Lecture Series by Phillip Griffiths - Fall 2023

Abstract: Hodge structures were introduced in the 1930's by Hodge as an extension and generalization of the Hodge structure on the cohomology of non-singular algebraic curves and surfaces that were introduced in the 19th and early 20th centuries by Riemann, Picard, Poincaré and Lefschetz. In particular one of Hodge's objectives was to give a proof of the "hard Lefschetz" theorem, established by Picard for algebraic surfaces but for which the Lefschetz argument for the general case was incomplete. With the introduction by Deligne of mixed Hodge structures for the cohomology of general algebraic varieties one now has for them a basic and subtle invariant.

The study of moduli of algebraic varieties and of related objects such as singularities, vector bundles, and representations of the fundamental group has emerged in the second half of the 20th century continuing up through the present time as a major topic in algebraic geometry. It is natural to use Hodge theory as a tool for the study of moduli, and that is the subject of this these talks.

More specifically, a major interest centers around the study of completions of a moduli space M. What is a natural class of objects to add to the generally smooth ones parametrized by M? It is well known that singular limits of smooth varieties are frequently easier to analyze than the smooth ones. Degenerating a variety may simplify it; the issue is to find a natural class of limits that can be worked with.

It is natural to utilize the results and methods of Hodge theory in the study of moduli. Here the important point is that one has an extensive and deep understanding of how Hodge structures degenerate; the goal of these talks is to describe some of how this understanding may be brought to bear on moduli questions.
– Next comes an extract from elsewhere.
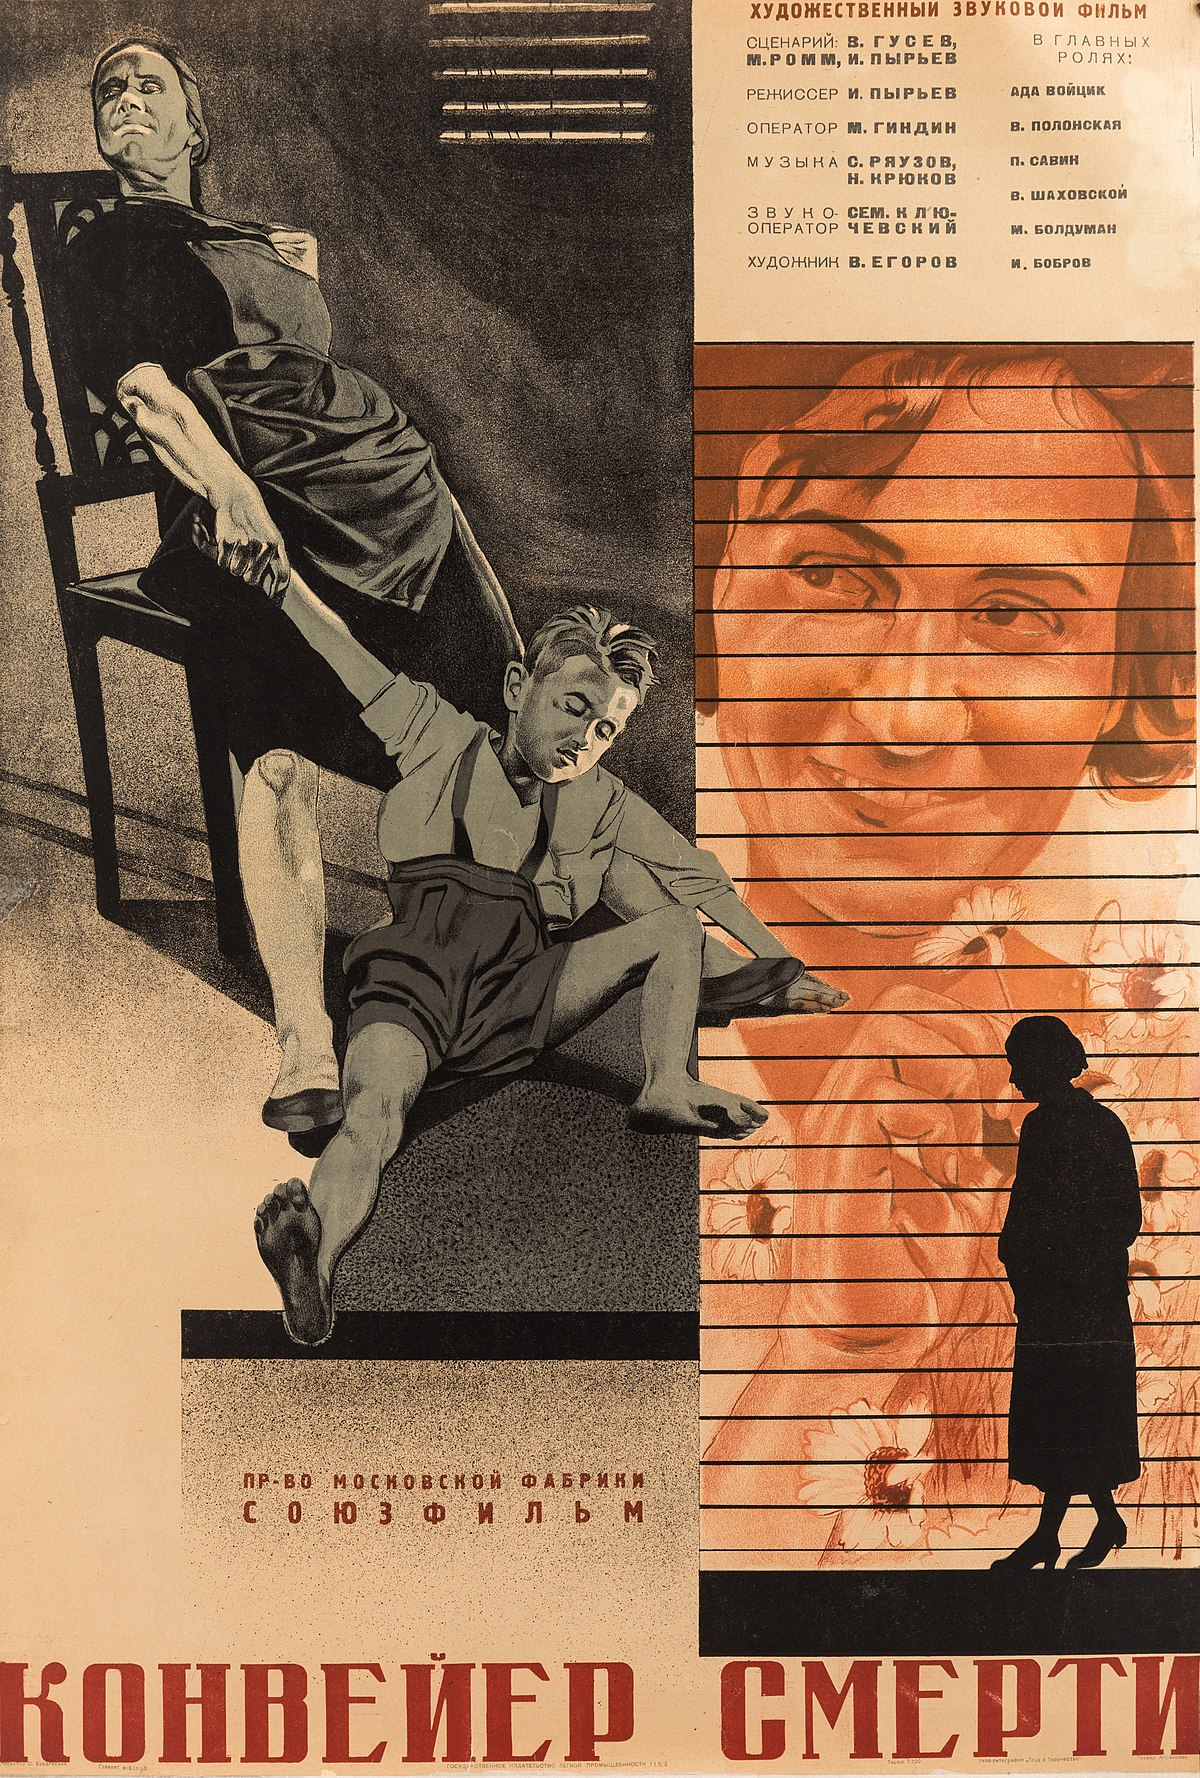 Конвейер смерти фильм 1985 кто из певцов работал на элеваторе в молодости фото

Previous and current lecture notes can be found at www.math.miami.edu/~pg

Some Information:

Phillip Griffiths
Member of the National Academy of Sciences

Dr. Phillip Griffiths is a College of Arts and Sciences Distinguished Scholar in Mathematics. He received his B.S. from Wake Forest University in 1959 and his Ph.D. from Princeton University in 1962. He served as the Institute for Advanced Study as Director from 1991until 2003, as Professor of Mathematics from 2004 until 2009, and as Professor Emeritus since 2009. He has served as the Chair of its Science Initiative Group since 1999. He was Provost and James B. Duke Professor of Mathematics at Duke University from 1983 to 1991. He has also served on the faculties of the University of California at Berkeley, Princeton University and Harvard University.

Dr. Griffiths is one of the world's foremost experts in algebraic geometry and was inducted into the National Academy of Science in 1979 and the American Academy of Arts and Sciences in 1995. Among his many honors, Dr. Griffiths is the recipient of the Chern Medal from the International Mathematical Union (2014), the Steele Prize for Lifetime Achievement from the American Mathematical Society (2014), the Brouwer Prize from the Royal Dutch Mathematical Society (2008) and the Wolf Foundation Prize in Mathematics (2008). He was a Guggenheim Foundation Fellow from 1980 until 1982.
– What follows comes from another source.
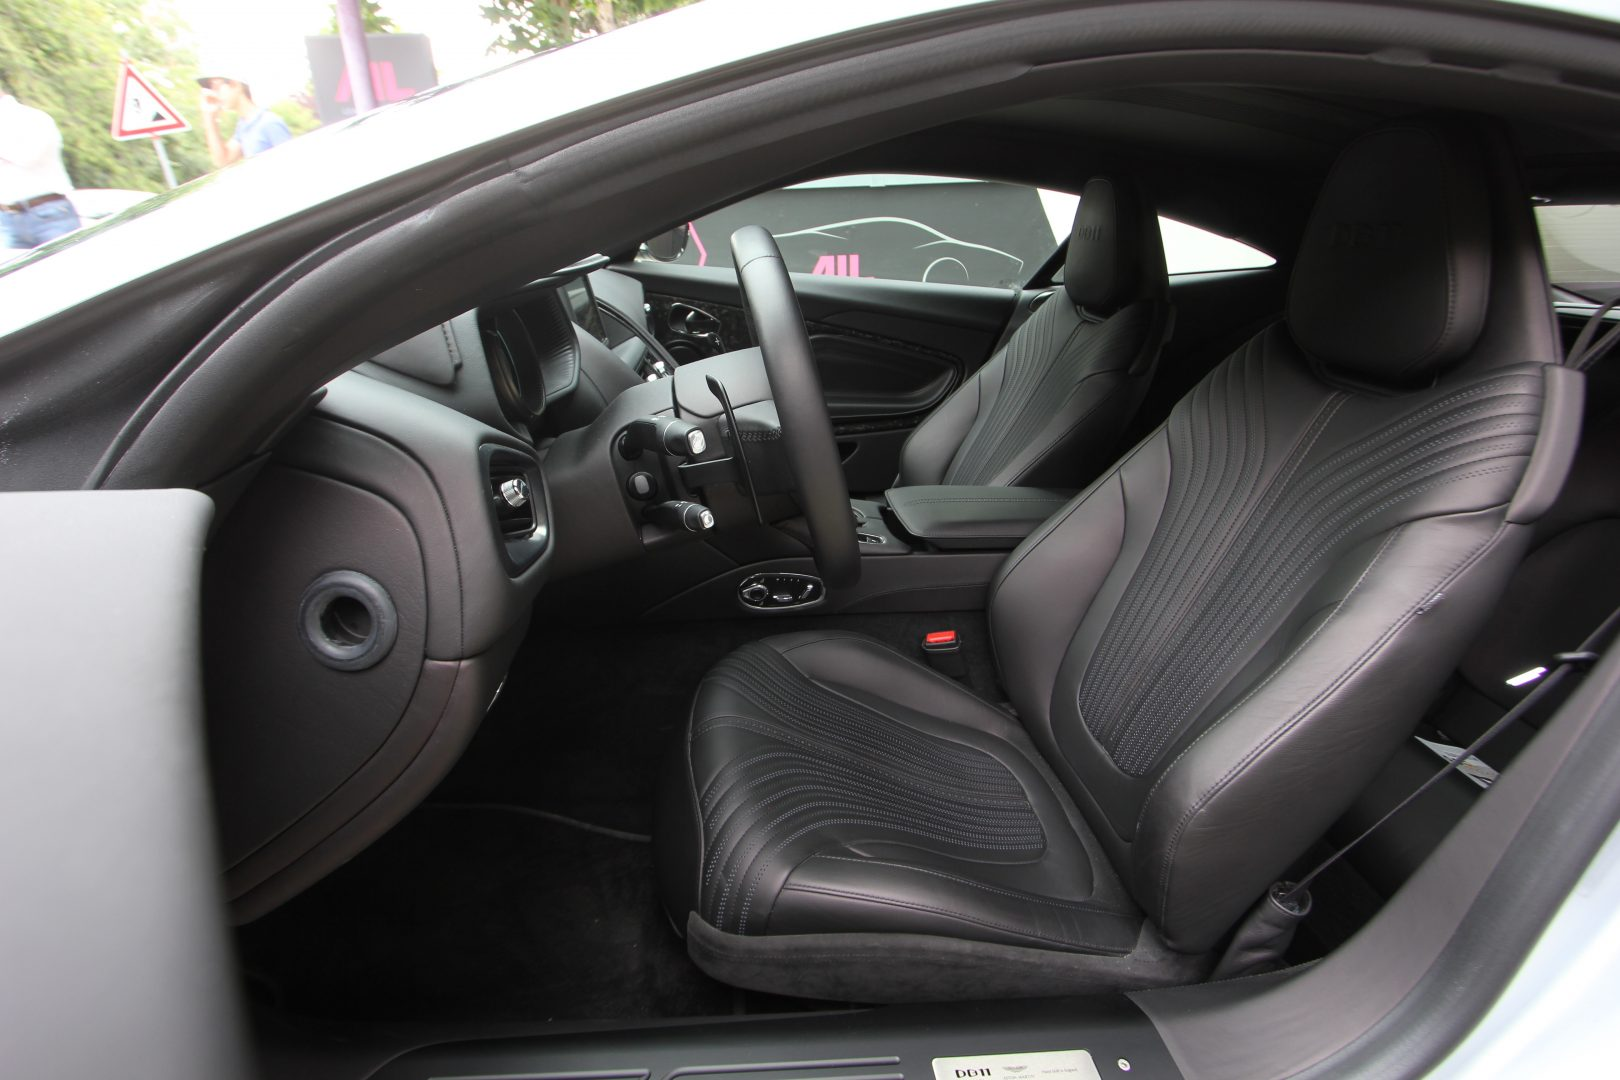 AIL Aston Martin DB11 Coupe 5.2 V12 11

Dr. Griffiths has served on many important advisory boards and committees throughout his career including the Board of Trustees for the Mathematical Sciences Research Institute (2008-2013; Chair 2010-2013), the Board of Directors of Banker’s Trust New York (1994-1999), the Board of Directors of Oppenheimer Funds (1999-2013), the Carnegie-IAS Commission on Mathematics and Science Education (Chair 2007-2009), and the Scientific Committee of the Beijing International Center for Mathematical Research (2010-2013). From 2002 to 2005 he was the Distinguished Presidential Fellow for International Affairs for the US National Academy of Sciences and from 2001 to 2010 Senior Advisor to the Andrew W. Mellon Foundation.